The Wheatley Institution

A Report of "The U.S. and China: 1980, 2012, and 2030"

A Lecture by Harold Brown, former U.S. Secretary of Defense

Sponsored by the Wheatley Institution at Brigham Young University

January 19, 2012

“I was the first U.S. Secretary of Defense to visit the People’s Republic of China,” says Harold Brown. “That trip came almost exactly a year after normalization of relations with that country, which had taken place January 1, 1979.” Harold Brown discusses the historical and present relationship between the U.S. and China and then speculates about the future of that relationship.

In his first trip to China, Brown explains, he helped initiate military-to-military talks between the nations. When China then agreed to joint monitor Soviet missile tests, Brown took that as “additional evidence of their willingness to collaborate.” The Carter administration went to great lengths to normalize relations with China. This, says Brown, was crucial in containing the Soviet Union.

“At the time, the U.S. State Department objected to my going to China,” says Brown. They argued that the Secretary of State should go instead in order to avoid Soviet retaliation. Nevertheless, President Carter approved the trip. Regarding the discussions, Brown states, “We and the Chinese saw things the same way then. Things have changed.”
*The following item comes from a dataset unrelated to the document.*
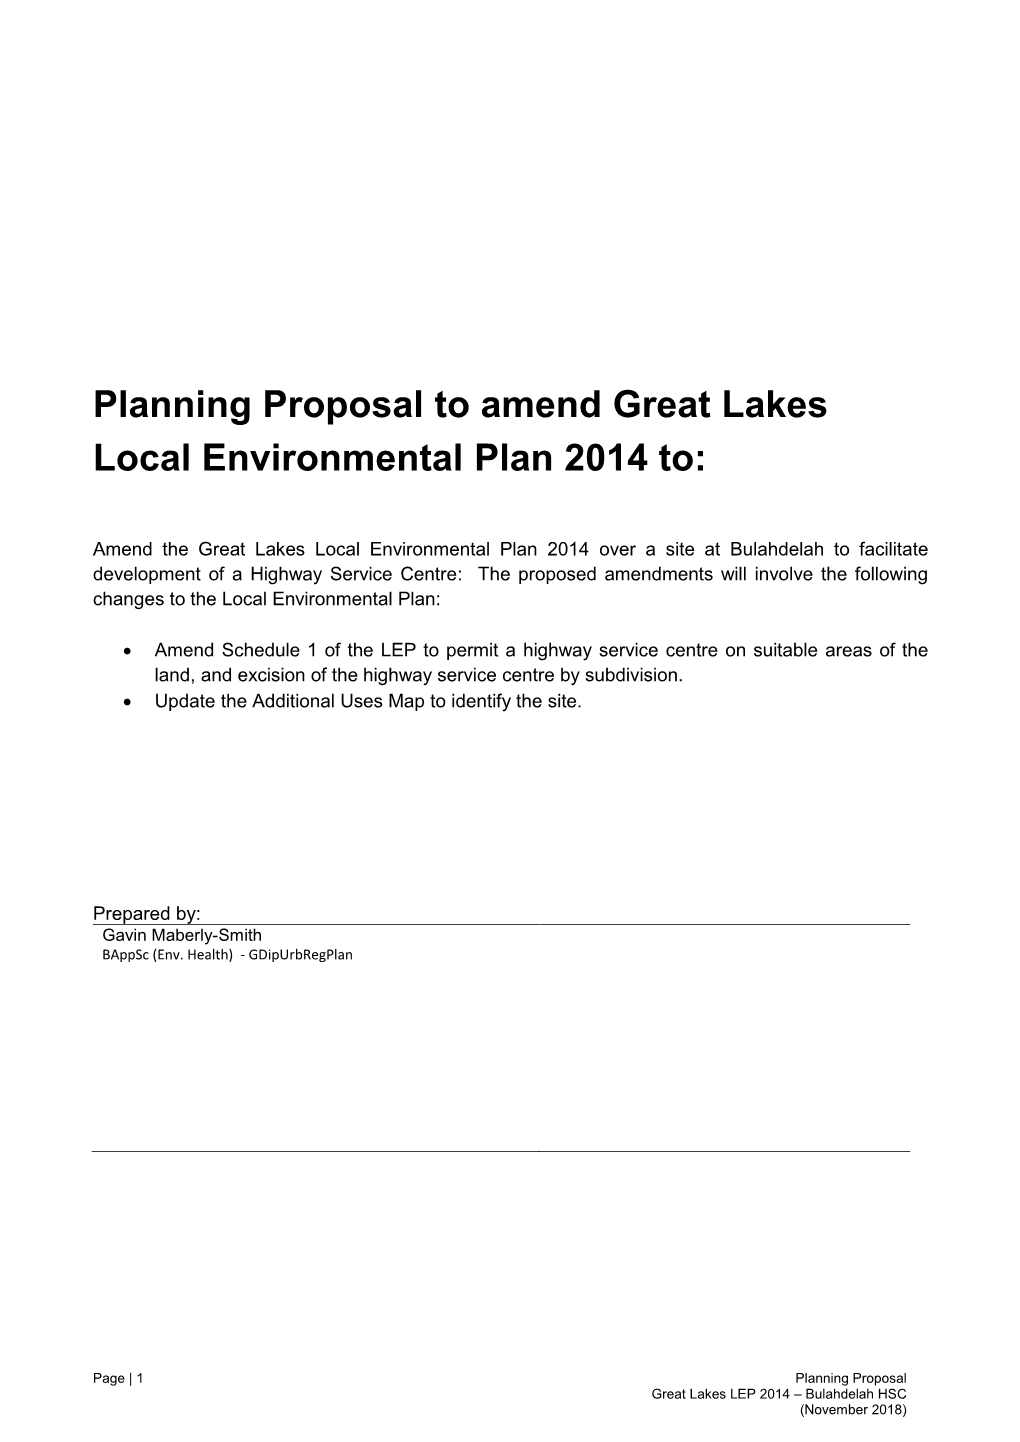 Planning Proposal to Amend Great Lakes Local Environmental Plan 2014 To

Both the Chinese civilian economy and military, as he saw on his visit, were retrograde, says Brown. “The P.R.C. had a long way to go to become a modern, prosperous, militarily up-to-date nation, but my meetings with Deng Xiaoping suggested that the P.R.C. leadership had sensible ideas for how to emerge from its backwards stance.”

“Thirty years later,” says Brown, “the success of those ideas and the amazing rise of China are not only evident but, in retrospect, have been the most important international development of those years.” The relationship between the U.S. and the P.R.C. will likely be the most important factor in future world affairs, even more so than developments in the Islamic world. Over those thirty years, China has experienced rapid economic growth, “an alternative model of economic performance and of governance that challenges the Western model.”
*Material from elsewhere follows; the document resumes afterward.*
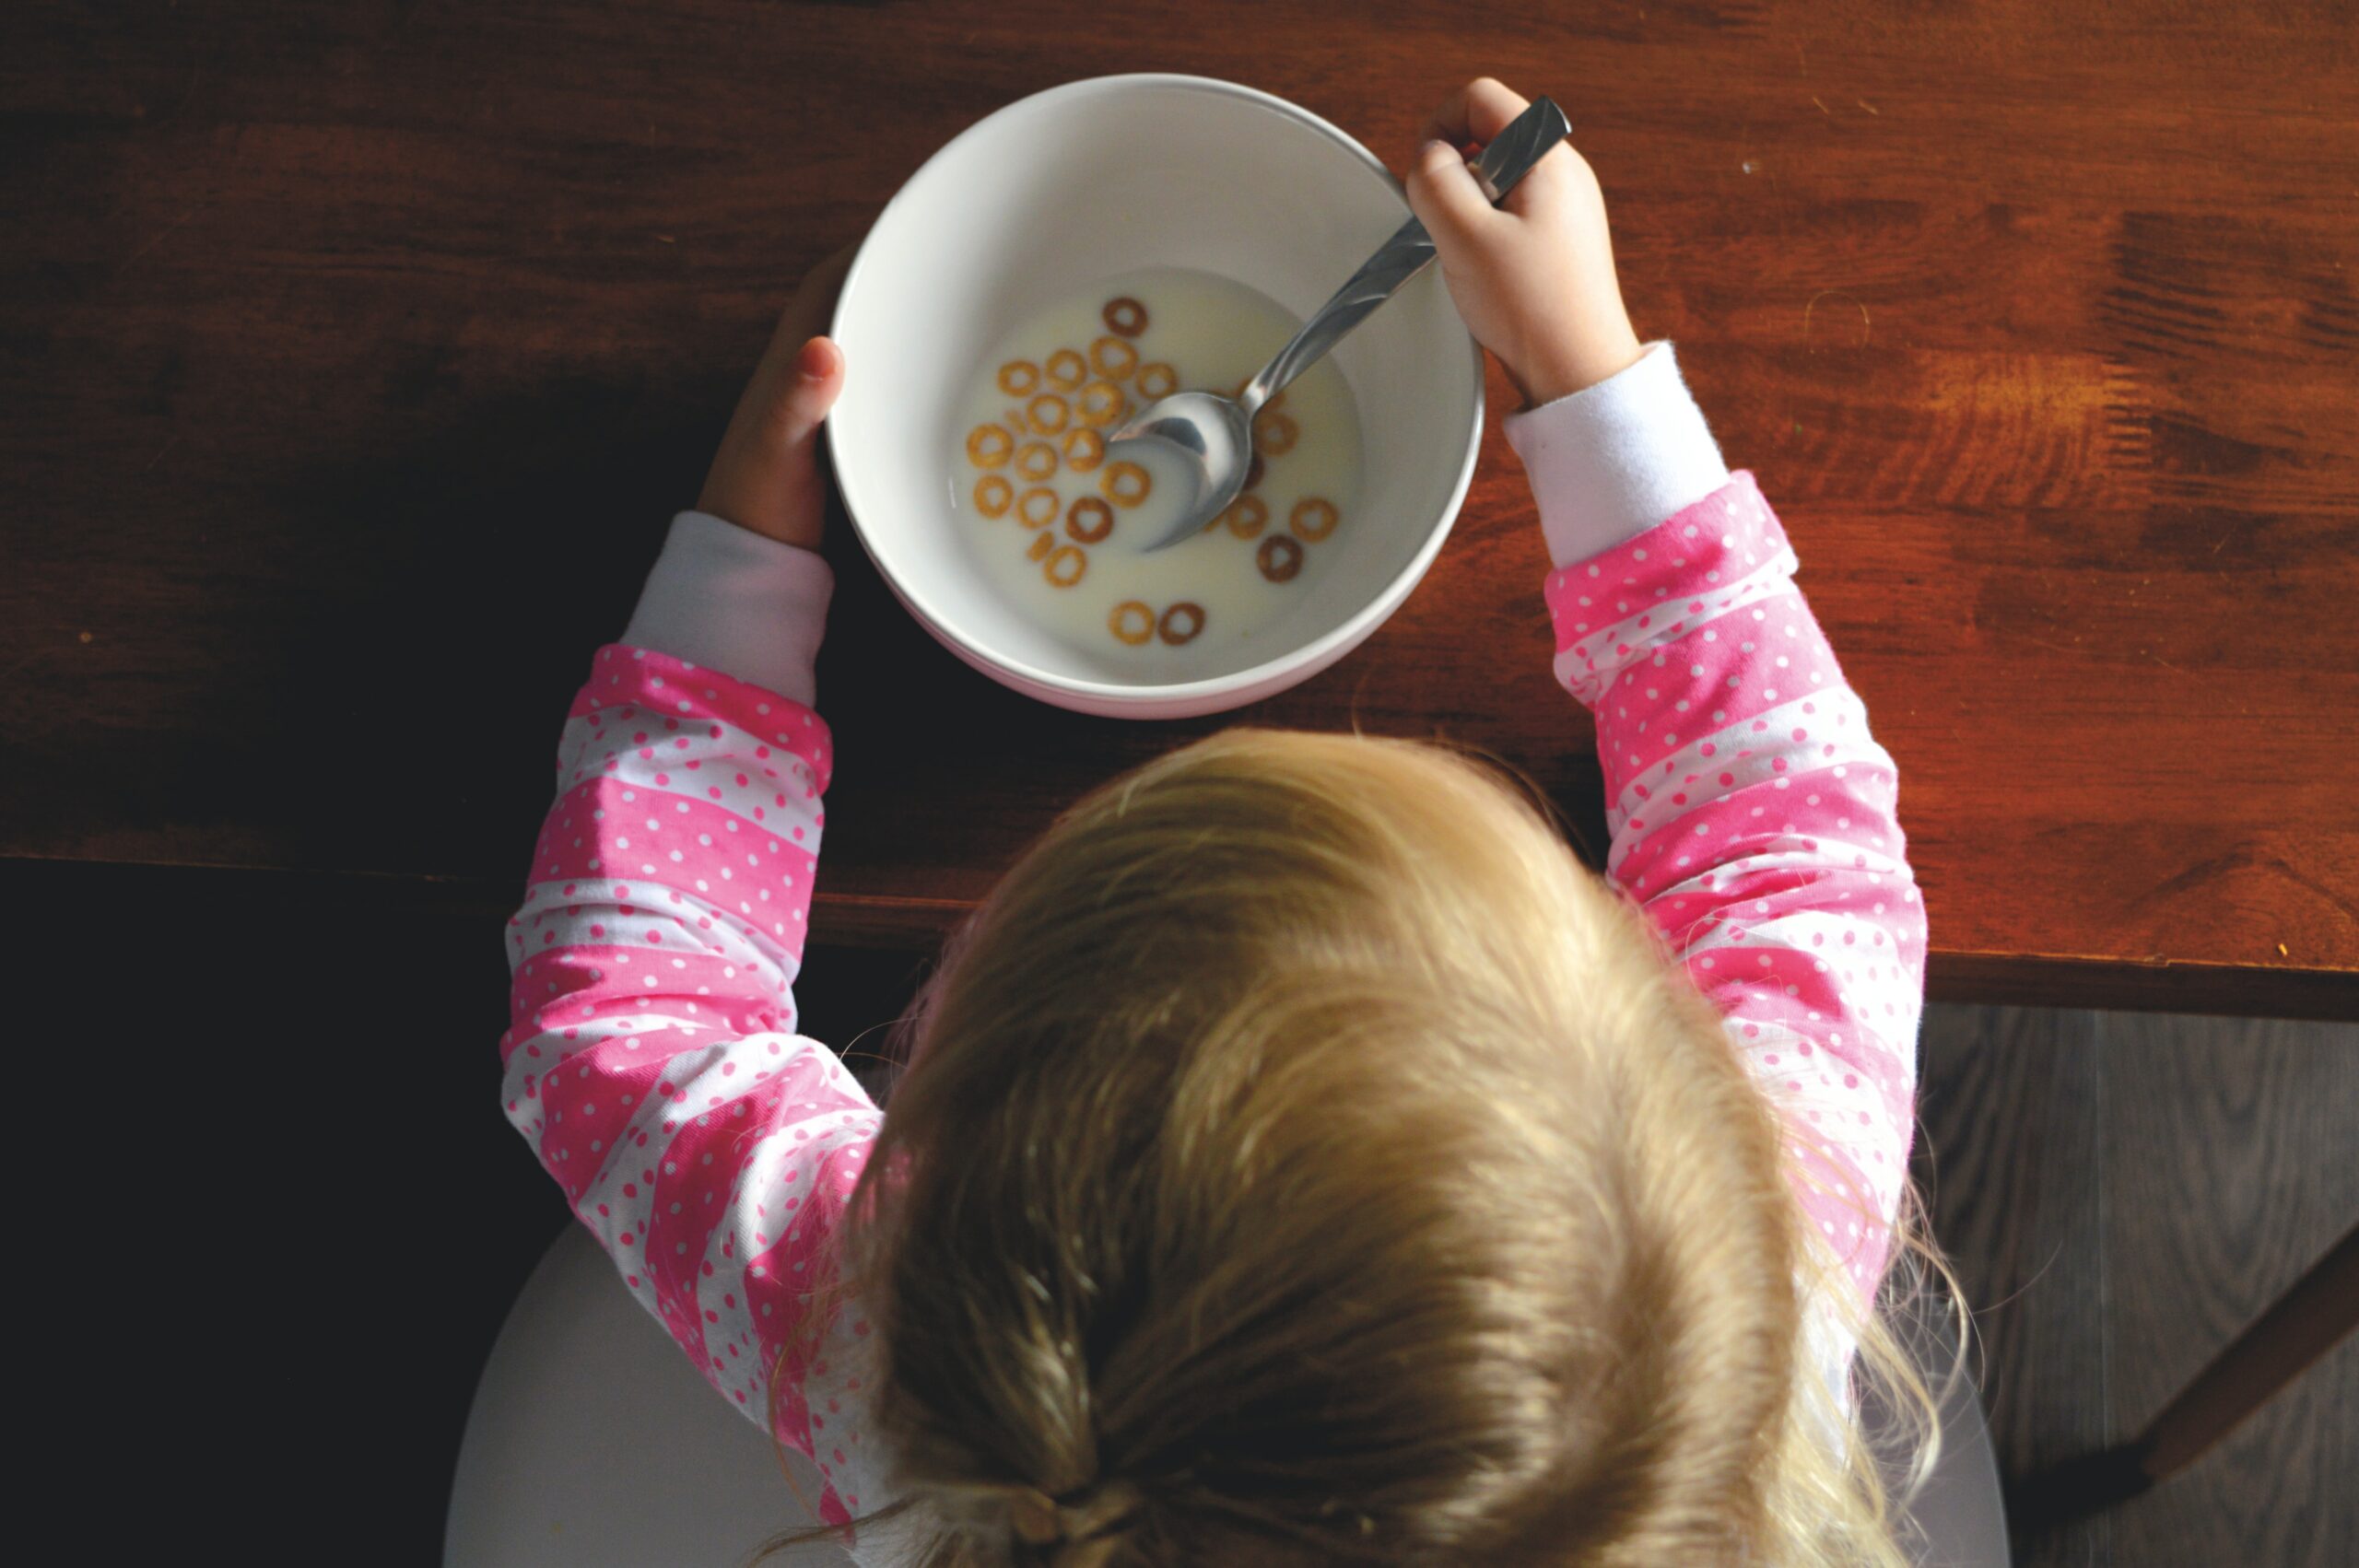 Child finishing bowl of cereal overhead view

“We in the United States are used to preeminence after enjoying it for more than sixty years,” Brown notes. China does not overtly challenge that role, but it also does not passively accept our status.  “To maintain political control, the leadership relies on economic growth and nationalism,” explains Brown. However, “China’s increased influence has not been matched by an acceptance of responsibility for maintaining the international system.”

China also struggles with domestic issues. “The P.R.C. faces internal strains that make it more fragile than is generally understood,” says Brown, “and that will not be easy to resolve.” He expresses uncertainty as to whether the Chinese model of governance can be sustained or whether it will evolve over time.

Regarding possibilities for the future of U.S.-China relations, Brown first notes that “the existence of nuclear weapons inhibits direct military conflict, as it did during the Cold War between the U.S. and Soviet Union.” Close economic relations also reduce the chances of military conflict. “But the imbalances in trade have exacerbated U.S.-China tensions,” says Brown, “and seem as likely to worsen as to ease them.”

“My own conclusion is that the P.R.C. as a rising power will inevitably expand its influence, but not only in East Asia and the Western Pacific,” Brown states. Most of those neighbors will look to U.S. capabilities to offset P.R.C. influence while also fearing a U.S.-P.R.C. military confrontation. Considering all these relations, Brown believes “there’s a real risk of a self-reinforcing, downwards cycle.” He is also certain that both countries will have continuing internal problems.

“The principal risk over this decade and the next is an economic and resource competition that would create political and strategic conflict between the two nations,” says Brown. Short of armed conflicts, there are other ways to inflict damage, like cyber and economic attacks. The close U.S.-P.R.C. economic entanglement is more likely to exacerbate than ameliorate geopolitical differences. “Getting to 2030 without a major confrontation will be an important achievement,” says Brown.

According to Brown, “U.S. policy should include preventing successive adversarial incidents and actions that could set relations on the wrong track.” Americans, he says, tend to want others to be like them, where the Chinese tend to expect deference. This can lead to a clash by exacerbating natural tension. However, Brown concludes, “A seriously adversarial relationship, risking conflict between the U.S. and China, is not inevitable. Avoiding requires skill on the part of both sides, perhaps more skill than has in recent years been shown by either side.”